Ağrı ve Suffering Arasındaki Fark: Ağrı Üzerinde Suffering Tartışılan

Anonim

Ağrı ve Sükunet arasındaki farkın ve farkına inanmamız şarttır. Ağrı ve ıstırap hayatımızın ayrılmaz bir parçası ve biz ikisinin bir ve aynı şey olduğuna inanmaya şart koşuyoruz. Aslında, çoğu kelimeyi aynı nefeste kullanıyorlardı sanki. Ateş ve acı dünyanın her yerinde varlığı ateistler Tanrı'nın var olmadığını söylüyor. Bununla birlikte, acının ve ıstırabın varlığı nedeniyle Tanrı'nın varlığını inkar etmek bu problemleri ortadan kaldırmaz. Bu soruyu cevaplamaya çalışmayacağız, ancak acıyı ve bize acı çektiğini ayırt etmeye çalışacağız.

Pain

Baş ağrısı yaşıyorsanız, açıkçası biraz acı çekiyorsunuz demektir. Baş ağrısı ya da başın ağrısı, insanların doktora başvurmalarına neden olan bir numaralı nedendir. İnsanlar bu ağrılardan kurtulmak için OTC ilaçlarını ve doktorlar tarafından verilen ilaçları alır. Bu ağrılar, kronikleştiklerinde, insanların hayatlarının her alanını etkilemeye başladıkları için fizyolojik kalmazlar. Acı çekmenin kaçınılmaz olduğunu söyleyen bir Budist var, ancak acı isteğe bağlıdır. Sanki ağrımız duygularımızı, ilişkilerimizi, çalışmalarımızı ve bizi psikolojik yönden üzdüğümüz becerilerini etkilemeye başlıyor.

Suffering

Tabii ki, insanlar çok acı çektiğinde acı çekiyorlar. Bununla birlikte, herhangi bir bedensel ağrı olmadan acı çekmek, acıyı hissetmek ama hiç acı çekmek mümkün değildir. Bazıları bize hakaret ediyor ya da bir kere hislerimize zarar verecek şeyler söylüyor ve gelmek için uzun süre acı çekmeye devam ediyoruz. Hiçbir acı hissetmiyoruz, ancak duygusal ve psikolojik sıkıntılar yaşıyoruz. Ancak hayatta ilerlerseniz ve başkalarının sizin hakkınızda ne düşündüğünü düşünmüyorsanız, bagajınızı omzunuza koyarsanız olandan daha az acı çekersiniz.

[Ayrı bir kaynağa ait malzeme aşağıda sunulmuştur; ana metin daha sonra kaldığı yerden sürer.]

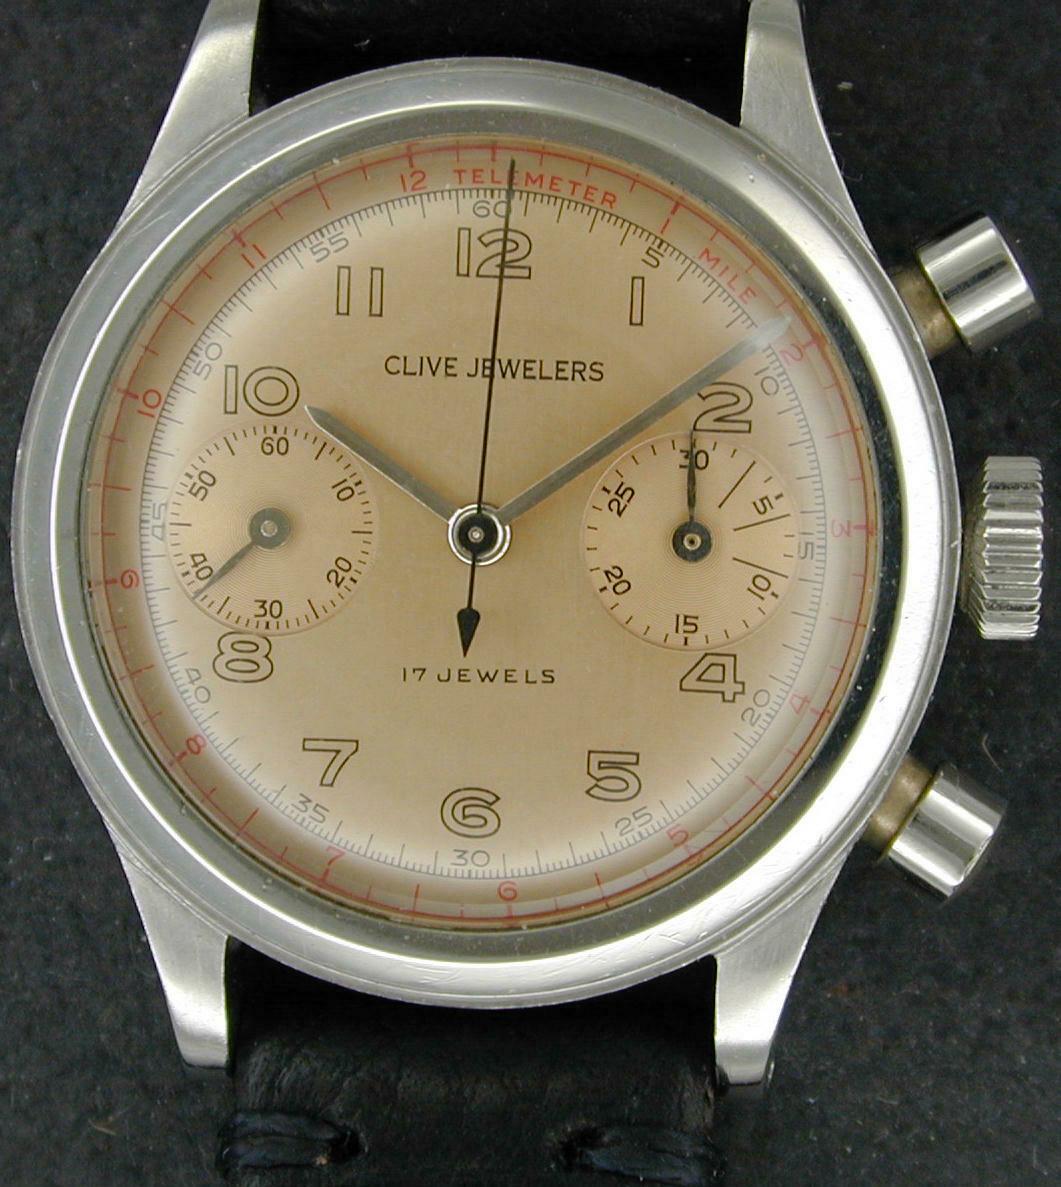 Clive Jewelers Chronograph Valjoux 23
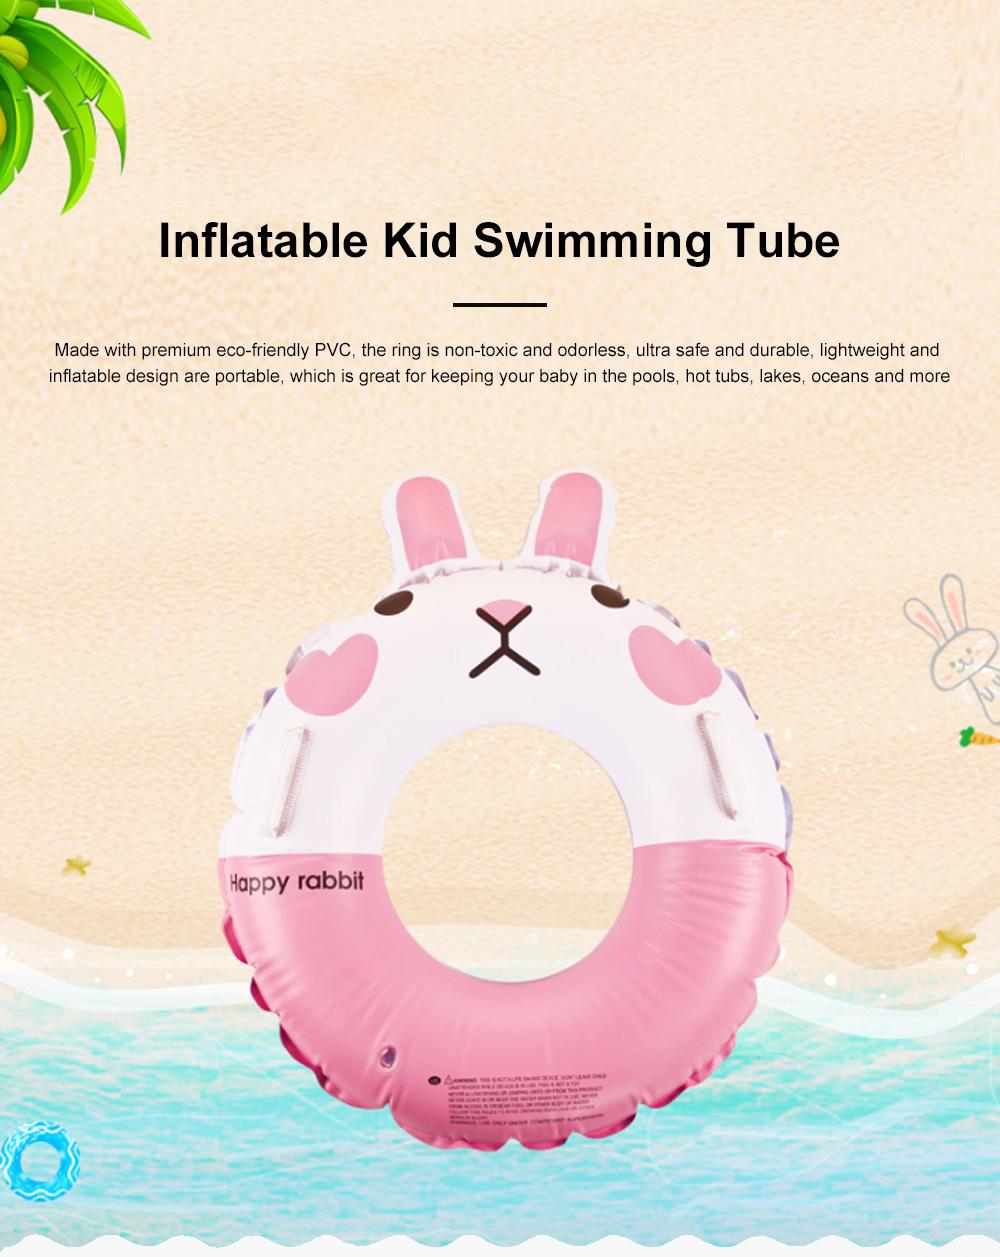 Kid Pool Inflatable Cartoon Rabbit Swimming Ring Anti-Leak Safe Children Swimming Tube 0

Eğer hastanede bir kanser koğuşuna girerseniz, hepsi kanser hastası olduğu için birçok insanı acı çekmiş bulursunuz. Ancak ellerinizde küçük ve güzel bir köpek taşıyorsanız, hastaların birçoğu kendini daha iyi hissetmeye başlar ve gerçekten acı çekmez. Hâlâ acı çekiyorlar ama acı çekmiyorlar.

Hepimizin hatırlaması gereken şeylerden biri, Pavlov'un şartlandırma deneylerinde bahsedilen köpekler değiliz. Acı çektiğimizde acı çekersek, uyarılara cevap vermek için şartlandırılmış meşhur köpek gibi davranırız. İnsanın duygularını düşünme ve kontrol etme potansiyeline sahip olduğumuz gibi. Acı çekme düşüncelerimizin bir sonucudur ve farklı bir şekilde düşünme yeteneğini geliştirirsek acı bize sürekli acı çekmez.

Özet

Ağrı kaçınılmaz; acı isteğe bağlıdır.Bu, aydınlanmış adamların neden acı çekmediğini bize söyleyen bir deyiş. Diğer ölümlüler gibi acıları da vardır, ancak düşüncelerini acı çektiğinde farklı duygulara sahip olacak şekilde şart koşarlar. Aynı fiziksel veya zihinsel diğer ağrı türleri için de geçerlidir. Ağrı, kanser hastaları için kaçınılmazdır, ancak acı her zaman acıya odaklanmak yerine yaşamdaki güzel şeyleri düşünerek onları hafifletebilir.